Just the facts, ma’am
The Slactivist wishes it were so. If only the “real” journalists were as mindful of the facts as sports writers:
The paper I work for today is running a Q&A from the Associated Press about “the facts” of the Terry Schiavo case. One of the questions asks if Schiavo is in a persistent vegetative state. The Q&A does not provide an answer — it provides instead two, mutually exclusive answers: Some doctors say she is, but her parents’ doctors say she isn’t. That’s not a Q&A, that’s a Q&Q. “Who are we too say?” is not an answer.
The Schiavo case demonstrates the problem of partisan epistemology. We now have “red facts” and “blue facts.” Newspapers — hoping not to upset either faction of their potential circulation — have no intention in taking sides in such disputes. Thus two competing sets of claims, two very different sets of facts, two opposing narratives, are treated as equally valid. News reporters, unlike sports reporters, feel no responsibility to check the scoreboard, or even to acknowledge that there is a scoreboard. They tend to deny the possibility that a scoreboard might even exist.

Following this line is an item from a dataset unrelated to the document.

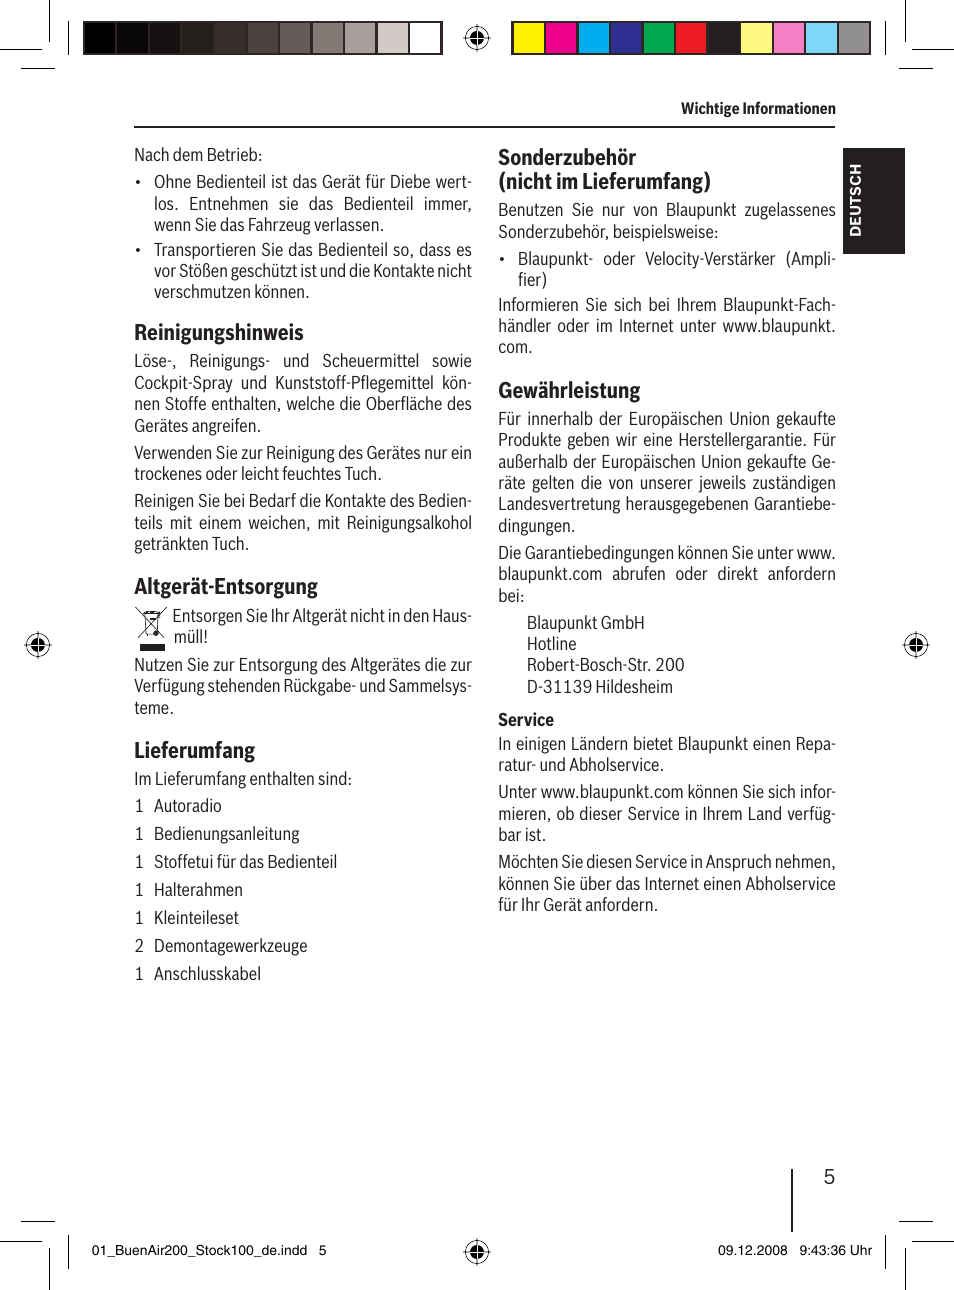 Reinigungshinweis, Altgerät-entsorgung, Lieferumfang | Blaupunkt BUENOS  AIRES 200 7 649 020 110 User Manual | Page 5 / 140
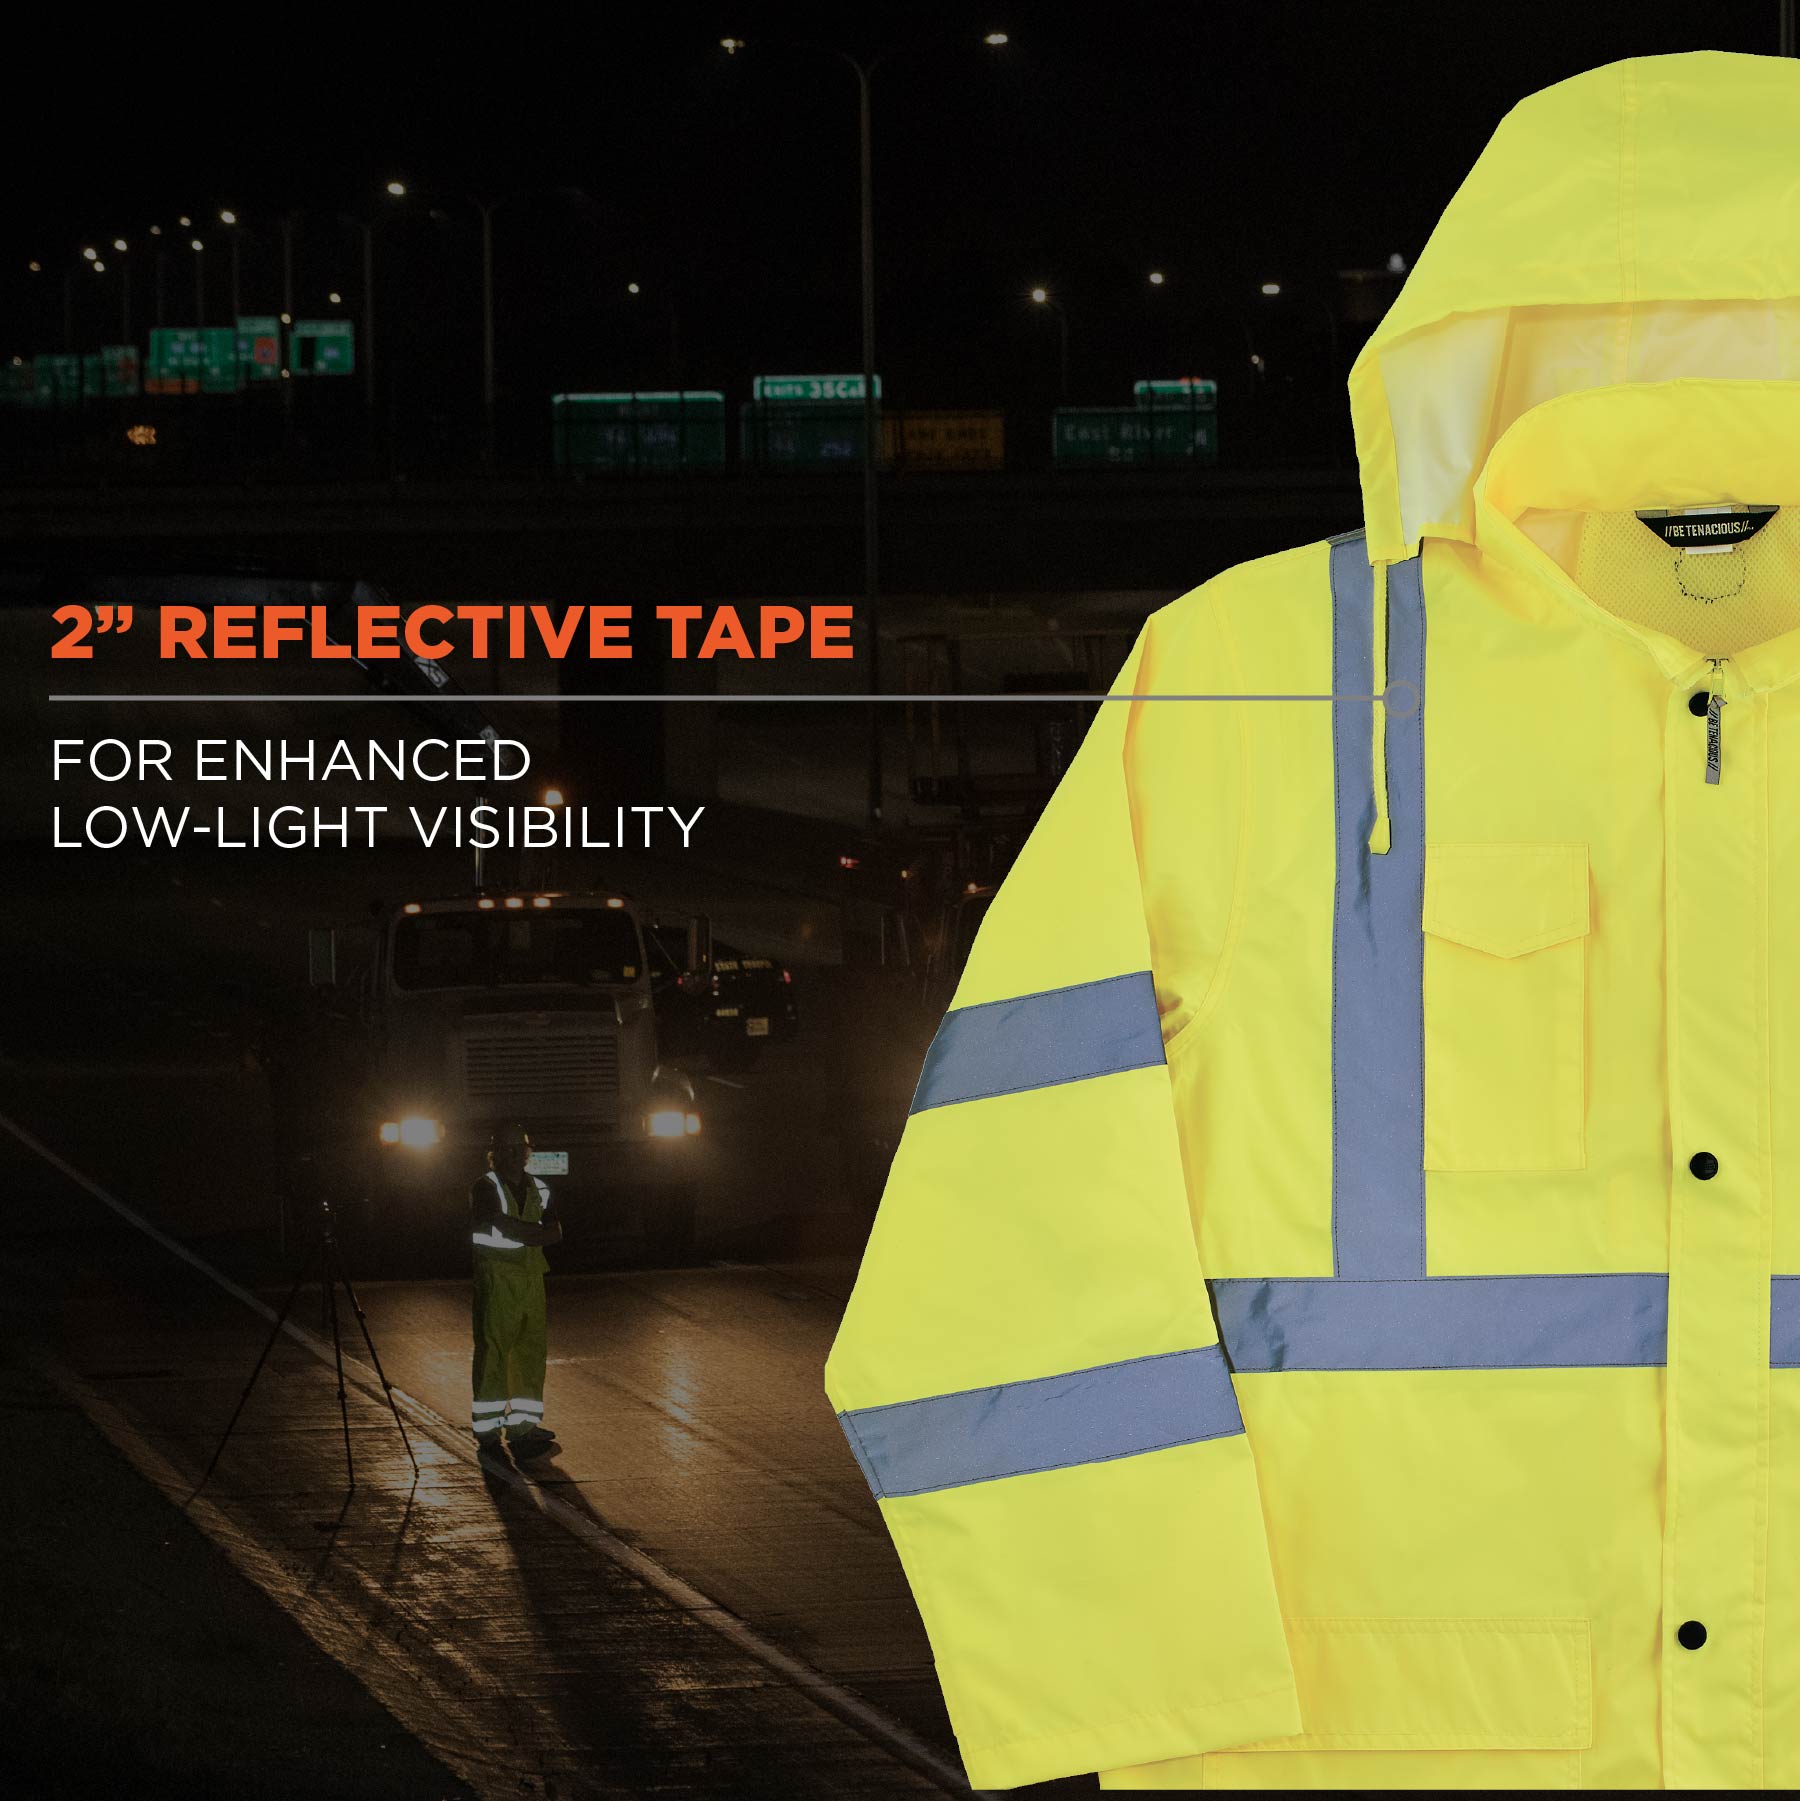 Ironwear 9511 Hi-Visibility Reflective Rain Jacket with Tuck away Hood Badge and Radio Clip Small

In the case of Terry Schiavo there is such a scoreboard, and what it tells us is nowhere near as murky and ambiguous as the AP’s Q&Q or CNN’s vapid, incurious coverage would suggest. The facts of the matter have been hashed out, again and again and again, in court.
Congress and President Bush, like the absurd hypothetical Gonzaga fans above, would prefer that the facts were other than they are. They have, therefore, declared by legislative fiat that the scoreboard be reset to zero and that the game be replayed. Here, however, the sporting analogy breaks down. If the Red Raiders and Bulldogs were to replay their game, the result might be different. But the facts of the Schiavo case will not change, no matter how many times these facts are replayed and reviewed.